**DIRECTIONS FOR THIS TASK:**
Output exactly the lines below, starting with the line that has "Мужчина, цилиндр и" and going on through the line that has "Beatriz de Abreu", both included, and no other lines.

**SUPPLIED ENTRIES:**
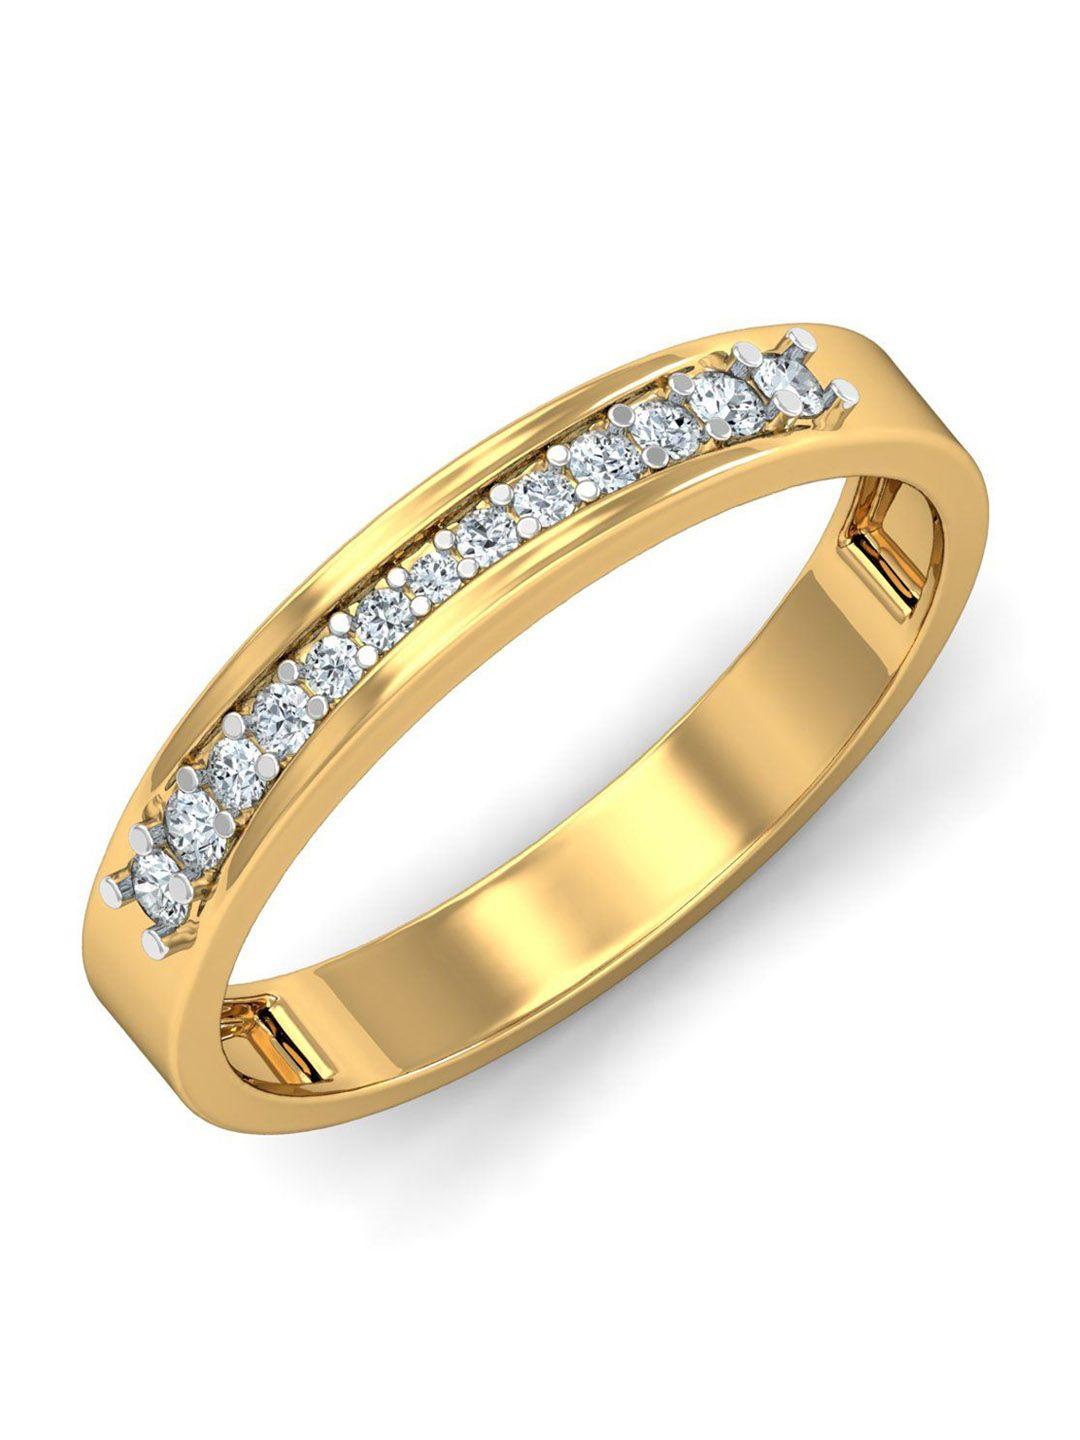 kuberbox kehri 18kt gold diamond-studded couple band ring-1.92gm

--

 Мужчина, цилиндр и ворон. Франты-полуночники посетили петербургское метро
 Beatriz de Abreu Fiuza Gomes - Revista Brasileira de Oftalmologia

* * *

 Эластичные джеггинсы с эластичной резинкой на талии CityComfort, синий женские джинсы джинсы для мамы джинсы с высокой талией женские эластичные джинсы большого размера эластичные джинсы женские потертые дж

**WRITTEN RESPONSE:**
 Мужчина, цилиндр и ворон. Франты-полуночники посетили петербургское метро
 Beatriz de Abreu Fiuza Gomes - Revista Brasileira de Oftalmologia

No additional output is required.